Teradata Package for R Function Reference | 17.00 - td_decision_tree_predict_valib - Teradata Package for R - Look here for syntax, methods and examples for the functions included in the Teradata Package for R.

Teradata® Package for R Function Reference

Product
Teradata Package for R
Release Number
17.00
Published
July 2021
Language
English (United States)
Last Update
2023-08-08
dita:id
B700-4007
NMT
no
Product Category
Teradata Vantage
Gain Ratio Decision Tree Predict

Description

The function predicts the values of the dependent variable in test data, using the model created by td_decision_tree_valib(). The function also generates two profile outputs containing the details about the decisions made during the prediction. Apart from the score and profile outputs, the function optionally generates:

  1. Confidence factors

  2. Targeted Binary Confidence

Usage

td_decision_tree_predict_valib(model, data, ...)

Arguments

model

Required Argument.
Specifies an object of class tbl_teradata generated by td_decision_tree_valib() function, containing the decision tree model in PMML format that is used to predict the data.
Types: tbl_teradata

data

Required Argument.
Specifies the input data containing the columns to analyse, representing the dependent and independent variables in the analysis.
Types: tbl_teradata

...

Specifies other arguments supported by the function as described in the 'Other Arguments' section.

Value

Function returns an object of class "td_decision_tree_predict_valib" which is a named list containing objects of class "tbl_teradata".
Named list members can be referenced directly with the "$" operator using names:

  1. result

  2. profile.result.1

  3. profile.result.2

Other Arguments

include.confidence

Optional Argument.
Specifies whether the output tbl_teradata contain a column indicating how likely it is, for a particular leaf node on the tree, that the prediction is correct.
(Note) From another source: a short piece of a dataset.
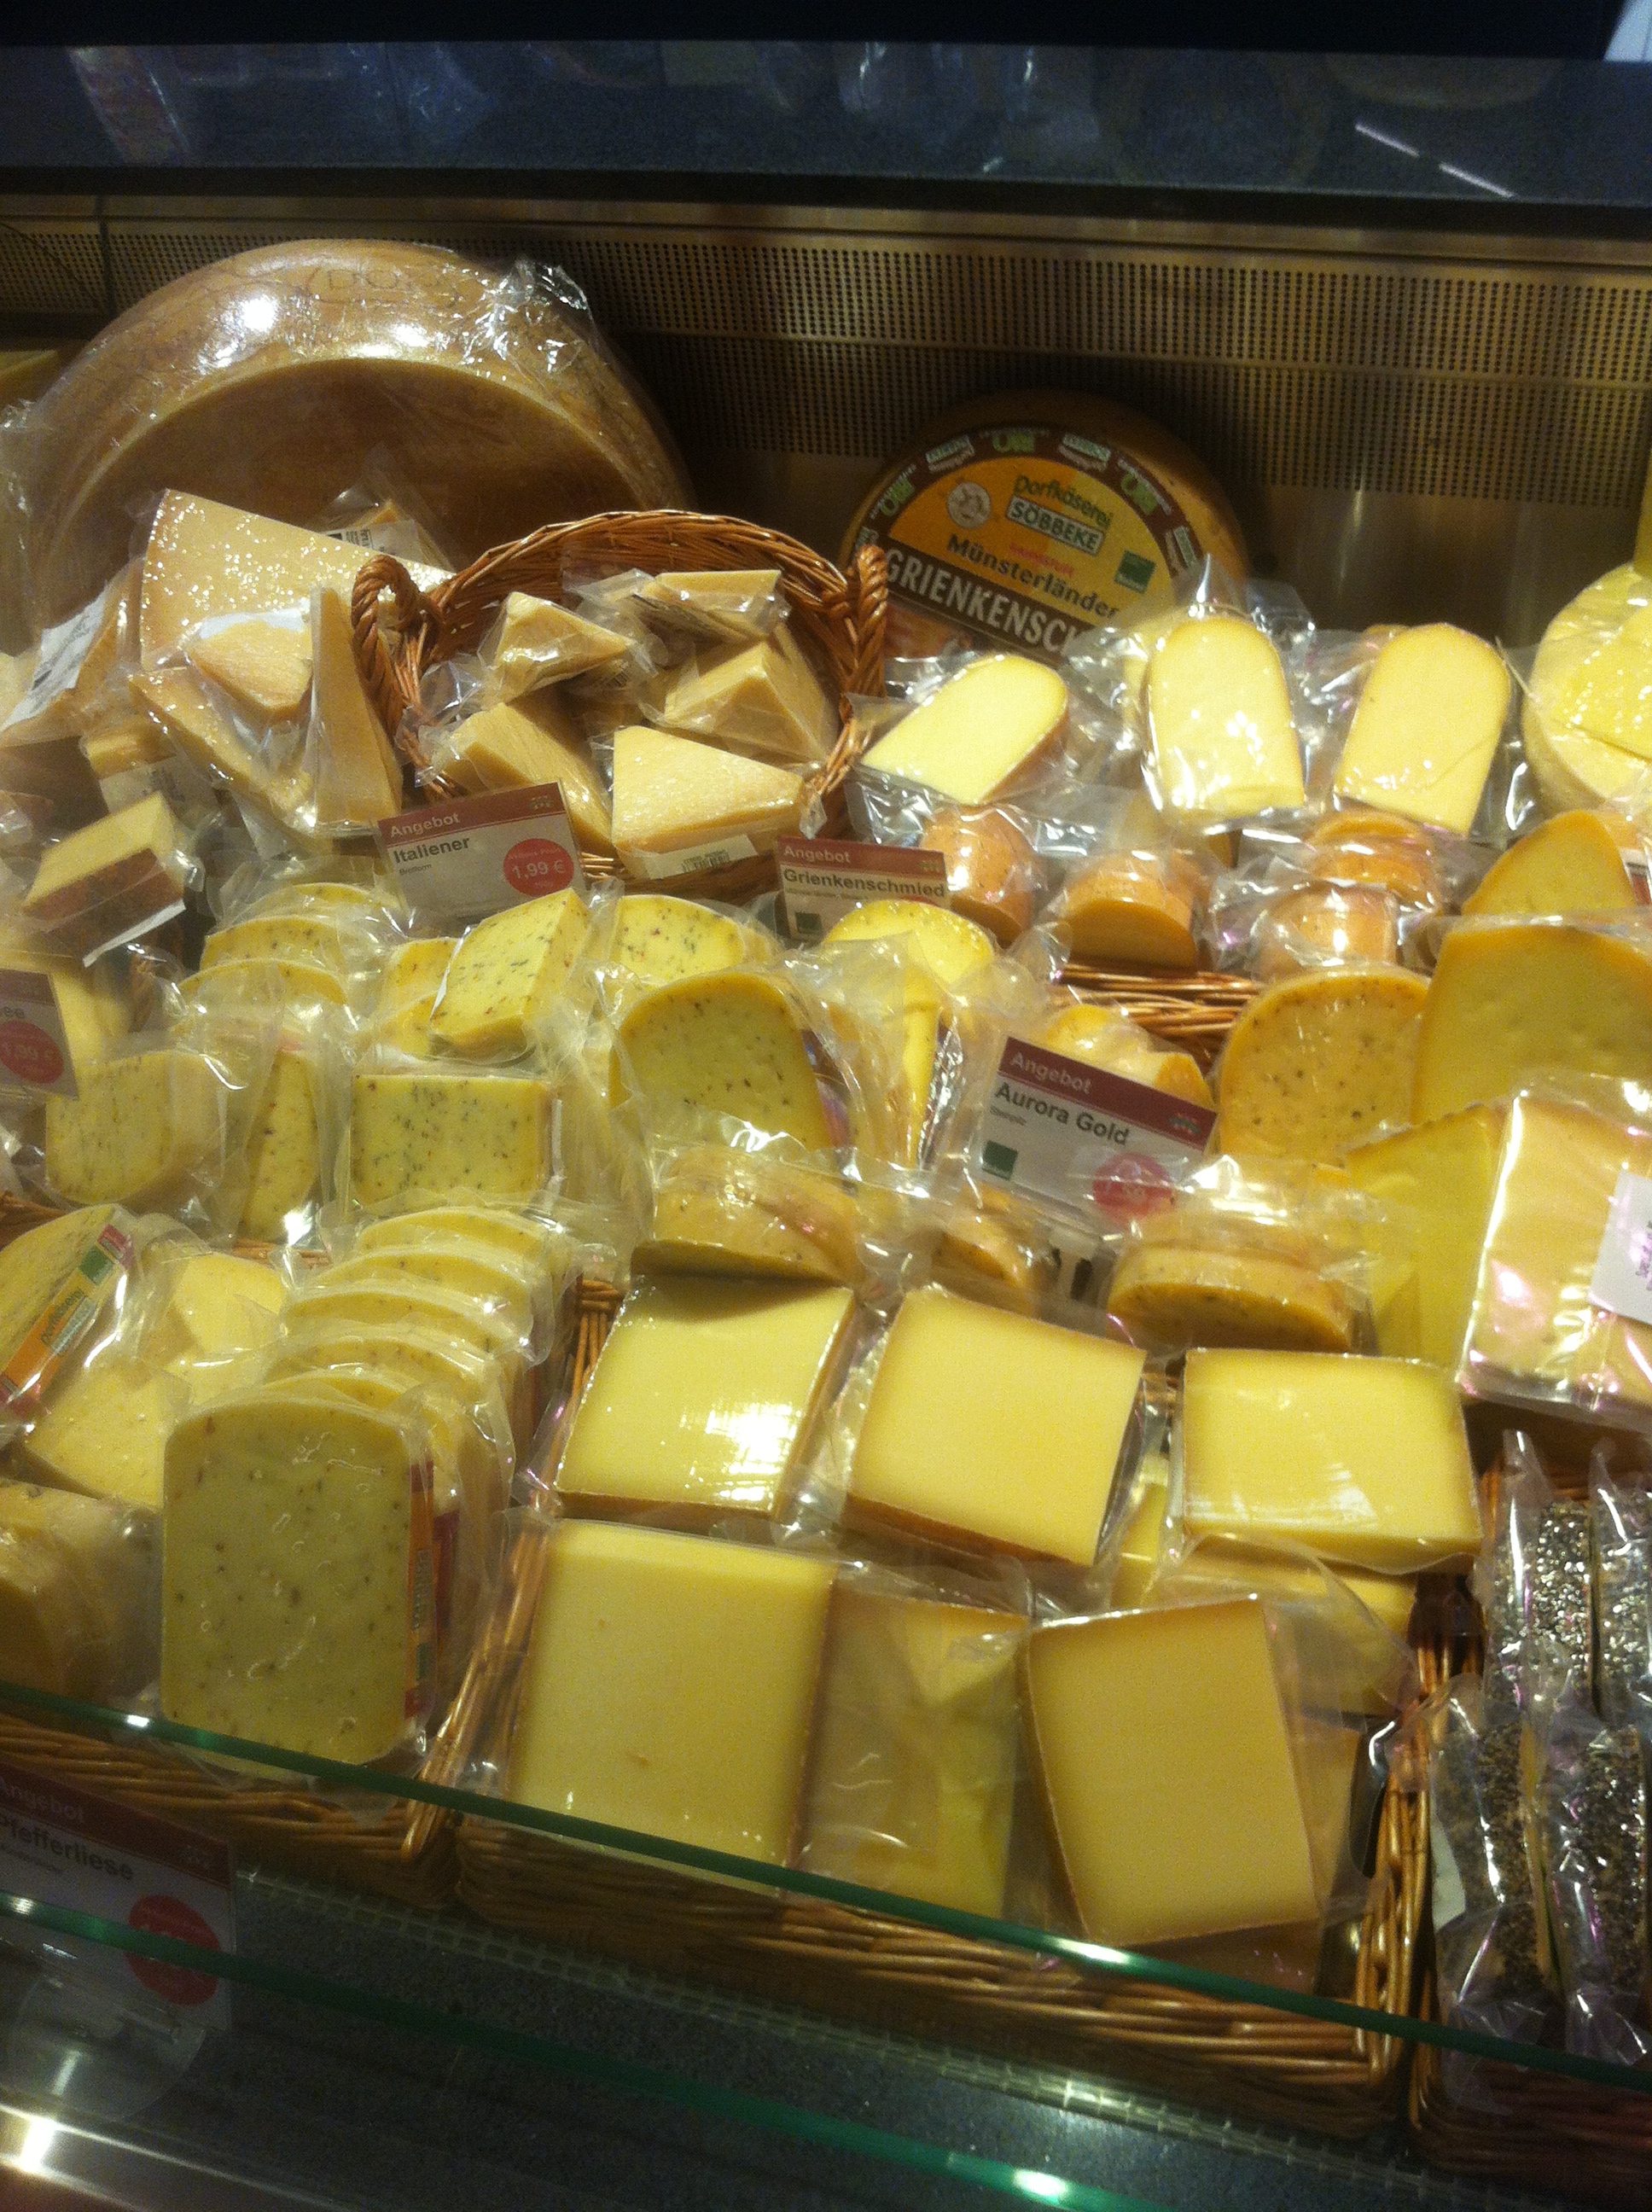 Abgepackter Käse, nur ein Bruchteil der Käsetheke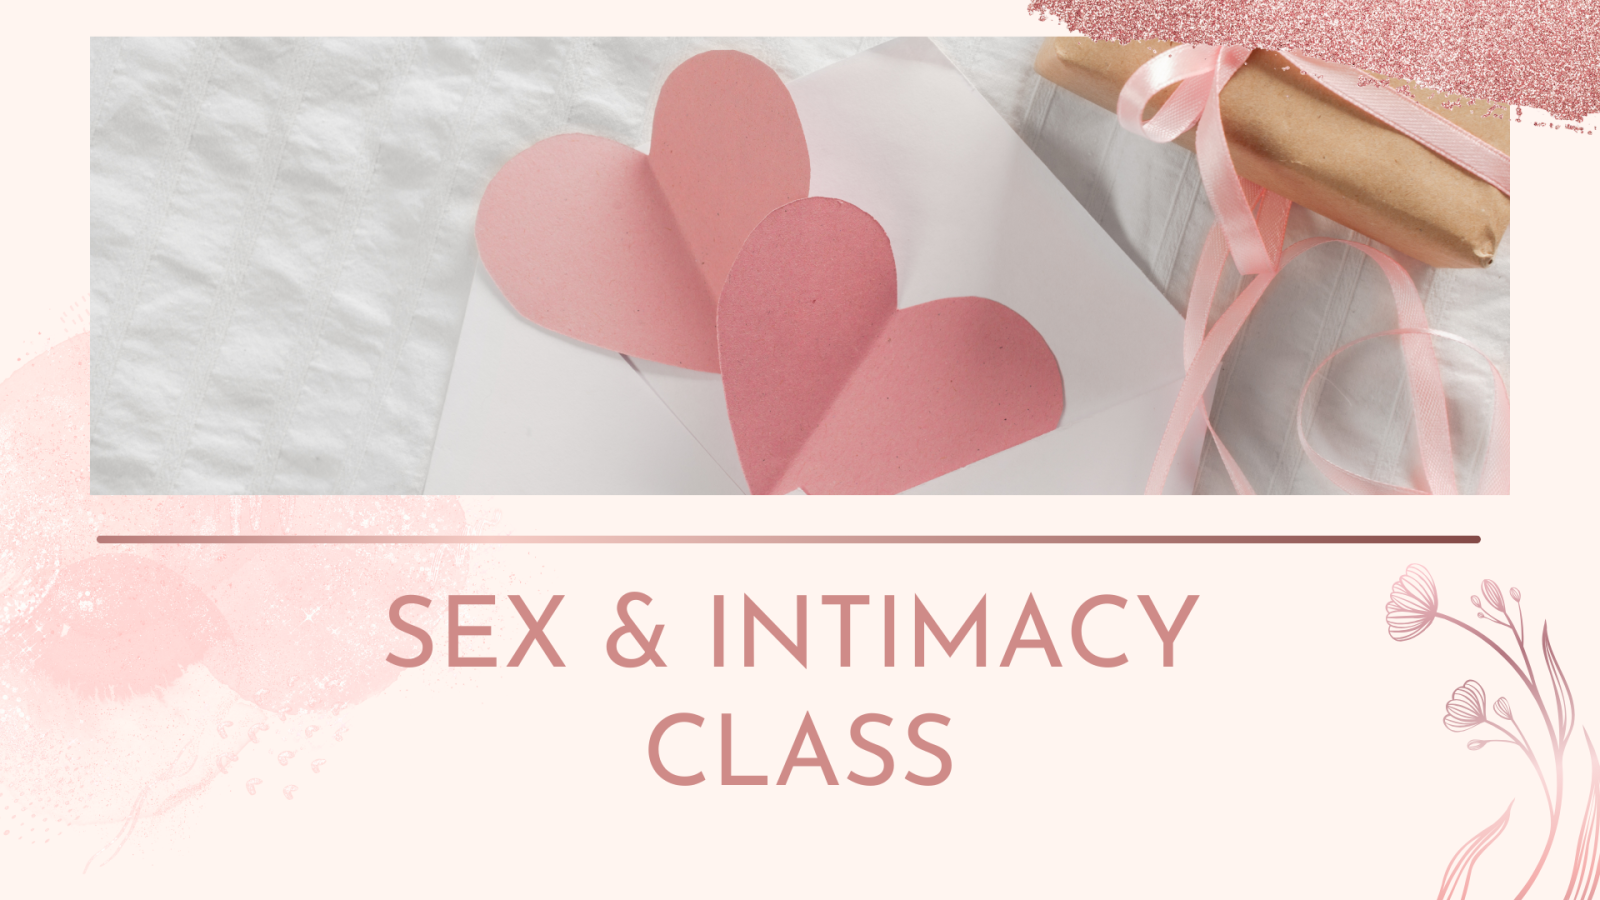 SEX & INTIMACY CLASS

If not specified or set to FALSE, the confidence column is not created.
Note: This argument cannot be specified along with "targeted.value" argument.
Default Value: FALSE
Types: logical

index.columns

Optional Argument.
Specifies one or more different columns for the primary index of the result output tbl_teradata. By default, the primary index columns of the result output tbl_teradata are the primary index columns of the input tbl_teradata "data". In addition, the columns specified in this argument need to form a unique key for the result output tbl_teradata. Otherwise, there are more than one score for a given observation.
Types: character OR list of Strings (character)

response.column

Optional Argument.
Specifies the name of the predicted value column. If this argument is not specified, the name of the dependent column in "data" tbl_teradata is used.
Types: character

accumulate

Optional Argument.
Specifies one or more columns from the "data" tbl_teradata that can be passed to the result output tbl_teradata.
Types: character OR list of Strings (character)

targeted.value

Optional Argument.
Specifies whether the result output tbl_teradata contain a column indicating how likely it is, for a particular leaf node and targeted value of a predicted result with only two values, that the prediction is correct.
Note: This argument cannot be specified along with "include.confidence" argument.
Permitted values: One of the values in the dependent column used in the argument "response.column".
Types: character

Examples


# Notes:
#   1. To execute Vantage Analytic Library functions, set option 'val.install.location' to
#      the database name where Vantage analytic library functions are installed.
#   2. Datasets used in these examples can be loaded using Vantage Analytic Library installer.

# Set the option 'val.install.location'.
options(val.install.location = "SYSLIB")

# Get remote data source connection.
con <- td_get_context()$connection

# Create an object of class "tbl_teradata".
df <- tbl(con, "customer_analysis")
print(df)

# Run DecisionTree() on columns "age", "income" and "nbr_children", with dependent 
# variable "gender".
dt_obj <- td_decision_tree_valib(data=df,
                                 columns=c("age", "income", "nbr_children"),
                                 response.column="gender",
                                 algorithm="gainratio",
                                 binning=FALSE,
                                 max.depth=5,
                                 num.splits=2,
                                 pruning="gainratio")


# Example 1: Predict the likeliness for a particular leaf node in the tree.
obj <- td_decision_tree_predict_valib(data=df,
                                      model=dt_obj$result,
                                      include.confidence=TRUE,
                                      accumulate=c("city_name", "state_code"))
# Print the results.
print(obj$result)
print(obj$profile.result.1)
print(obj$profile.result.2)

# Example 2: Predict the likeliness for a particular leaf node in the tree and binary 
#            targeted value using S3 predict().
obj <- predict(object=dt_obj, 
               data=df,
               targeted.value="F",
               accumulate=c("city_name", "state_code"))
               
# Print the results.
print(obj$result)
print(obj$profile.result.1)
print(obj$profile.result.2)